De bedoeling van deze marginalia kan slechts zijn, even te belichten dat Van de Woestijne's figuur complexer is dan men ze voorstelt, doch niet het waarachtig-religieuze element in zijn bestaanservaring te minimaliseren. Want | |
[pagina 163]
| |
er is een waarachtig religieus verlangen in de dichter, dat zich naar het einde toe heerlijk ontwikkelt. Te midden van de diversiteit der toonaarden en belevings-sferen, die Van de Woestijne's poëzie tot het laatst blijft kenmerken, heeft zijn religieuze poëzie - van begin tot einde - één eigen en blijvende toon, één onveranderlijk en wezensecht accent: ze ontstaat in levensmomenten van naakte oprechtheid, die vreemd zijn aan de sferen van aesthetisch-vitale roes of psychische exaltatie, van ijl mysticisme of krampachtige levensvlucht, waarin hij zo vaak vertoeft. Zijn waarachtig-religieuze lyriek ontspringt, van jeugd tot ouderdom, uit die éne en échte ervaring: het deemoedig op-zich-nemen van zijn smartelijke levenswerkelijkheid tegenover de Vaderlijke God. Om de helende en verlossende draagwijdte van deze eerlijke religieuze poëzie te begrijpen, moet men ze dus situeren in het geheel van K. Van de Woestijne's levensdrama, dat men de onmacht en de wanhoop van ‘Der Individualismus als Schicksal’ (naar een woord van Otto Miller) zou kunnen noemen. Dit drama biedt verwantschap met dat van veel moderne kunstenaars - men denke slechts aan Rilke en J.H. Leopold -, het is in grote mate ‘typisch’ voor de situatie van de kunstenaar in Van de Woestijne's tijdsgewricht. Wat niet wegneemt dat het bij onze Vlaamse dichter zijn eigen trekken en nuances heeft, zijn persoonlijk-intieme tragiek, waarvan ik in mijn boek over zijn Psychologische Figuur iets heb trachten te benaderen. Tot in Het Bergmeer wordt de dichter gefolterd door de aanvoeling van zijn nutteloze en reddeloze verlorenheid. De harmonie van ziel en leven heeft hij in zijn concreet bestaan niet kunnen verwezenlijken. Gedichten als ‘Geur van het Reeuwsche Beest’ en ‘Ik ben de Hazel-noot’ vertolken zijn diep en tragisch inleven van de eenzaamheid als onwrikbare wezenswet. In die eenzaamheid kent hij momenten van relatieve berusting: ‘Ik vraag den vrede niet; ik vraag alleen de rust’

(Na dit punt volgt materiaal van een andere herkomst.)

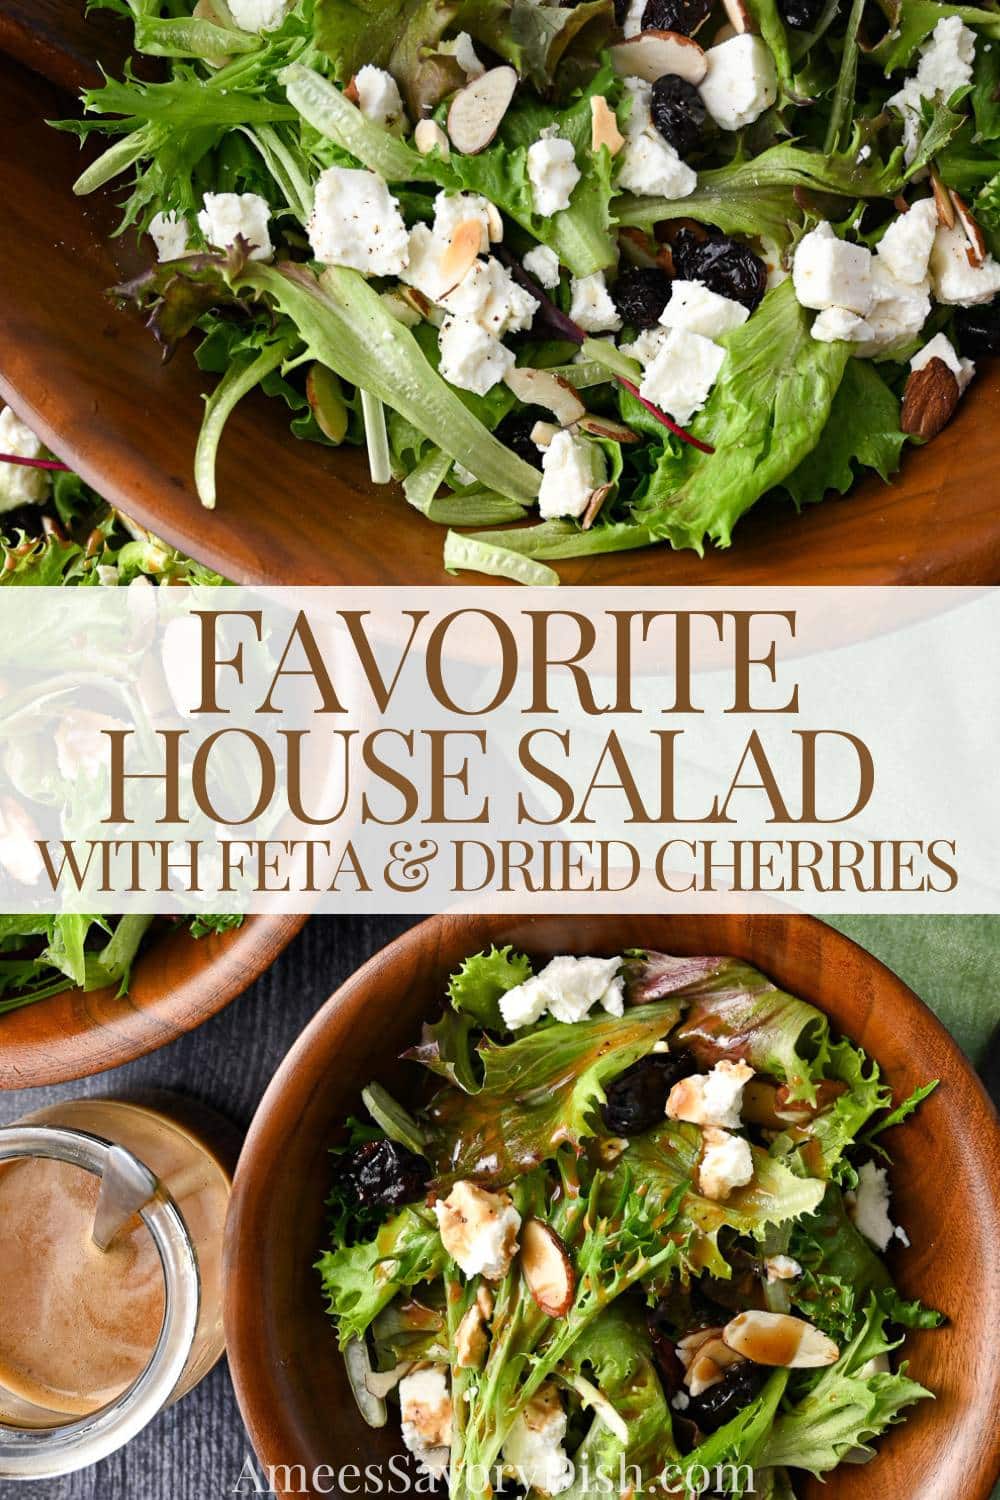 This house salad features toasted almonds, dried cherries, crumbled feta, and crisp salad greens tossed in the BEST creamy balsamic vinaigrette dressing. via @Ameessavorydish
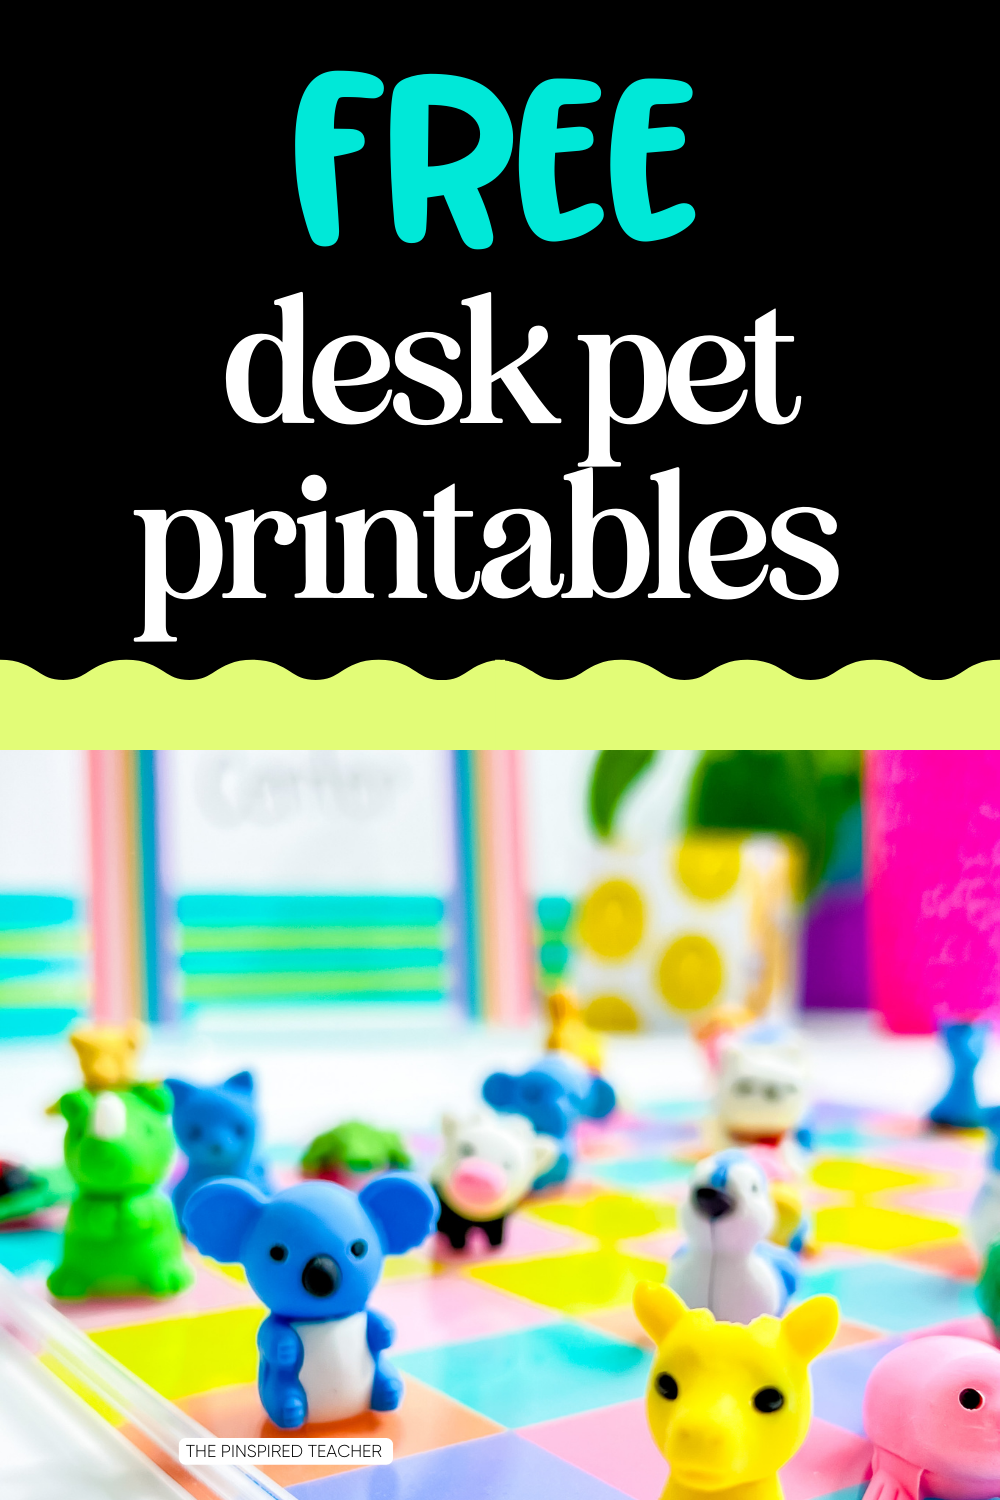 Desk Pets in the Classroom Free Printables and Ideas The Pinspired

En andere van chaotische en wanhopige verlossingdrift. Sterker groeit gaandeweg zijn hunkering om aan zich zelf te ontkomen. Zijn doodsverlangen, zwaarder nog dan vroeger, is van levensmoeheid doordrenkt, van verlangen om eindelijk uit de moe-getobde en moe-vertwijfelde complexiteit van zijn ik te treden. Zoals achter de meeste zijner verbeeldings-exaltaties en -extazen de hunkering schuilt om het zelfbewustzijn voorgoed kwijt te spelen - dit is een der belangrijkste aspecten van het ijlte-motief -, zo verbergt zich achter het aandringender doodsverlangen een sterk begeren naar rust. Doch naast en boven de negatieve aspecten van ontvluchting en rust, openbaart dit doodsverlangen in de tweede periode ook met overtuigender aandrang het positieve aspect van het leven-in-God: Gewielde en will'ge wentling der seizoenen,
ijs-zwaart der peer als zonne-dans van 't kaf;
mijn aarde, wisslend teken van verzoenen
die waart het Paradijs en wordt het graf:
| |
[pagina 164]
| |
gij wordt het graf den dankb'ren derver, die men
zal bergen, onbewogen, in uw schoot,
om dààr voor aarde en hemel weêr te ontkiemen
tot dubbel leve', o broze, o vruchtb're Dood.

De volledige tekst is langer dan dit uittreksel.